Below $0.17, the next significant cost-basis cluster doesn’t appear until $0.14, leaving a wide gap for potential losses. But more on that in the next section.
Looming Death Cross Could Accelerate the DOGE Price Breakdown
The DOGE price structure now reinforces the bearish on-chain story. After the 50-day exponential moving average (EMA) crossed below the 200-day EMA in late October, Dogecoin extended its decline — marking the first leg of its current downtrend. The EMA is a trend indicator that smooths out price data to show market direction.
Now, a second, stronger death cross is forming as the 100-day EMA approaches a drop below the 200-day EMA. Unlike the earlier crossover, this one carries more weight because both averages represent longer timeframes, reflecting sustained weakness rather than short-term volatility.

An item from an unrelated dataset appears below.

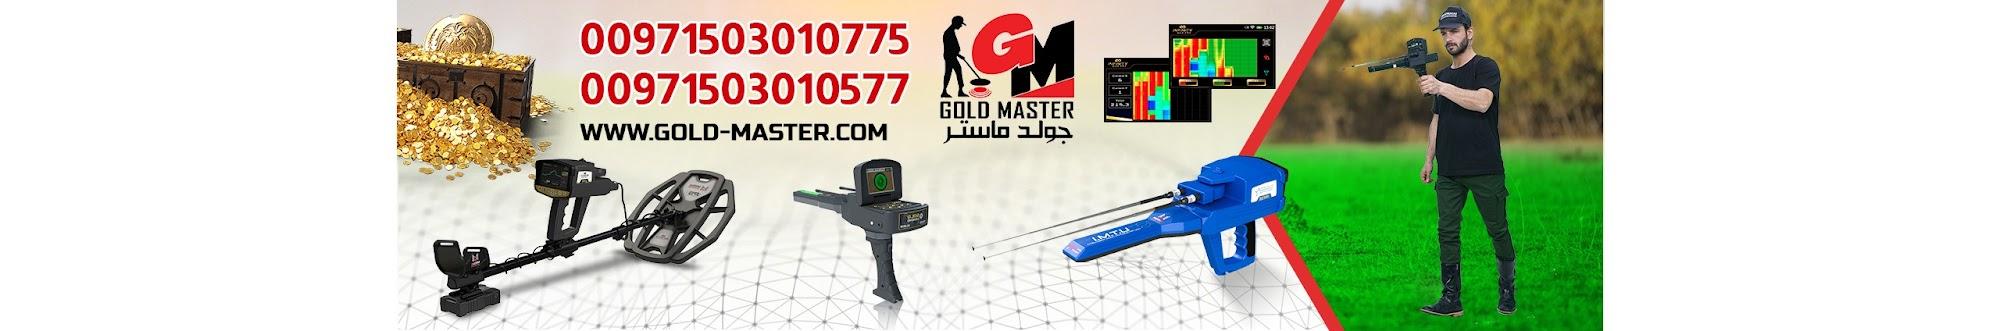 اجهزة كشف الذهب جولد ماستر | Gold Master Detectors

If this crossover confirms, it would signal deepening downside momentum and strengthen the bearish structure already in place. In that case, Dogecoin’s strongest support zone near $0.17, highlighted by its cost basis heatmap, could finally give way — opening the door to a fall toward $0.14. That would be a near 6% dip.
Currently, DOGE trades near $0.18, capped by immediate resistances at $0.20 and $0.21. A daily close above $0.21, which hasn’t been tested since October 13, would be needed to invalidate this bearish bias.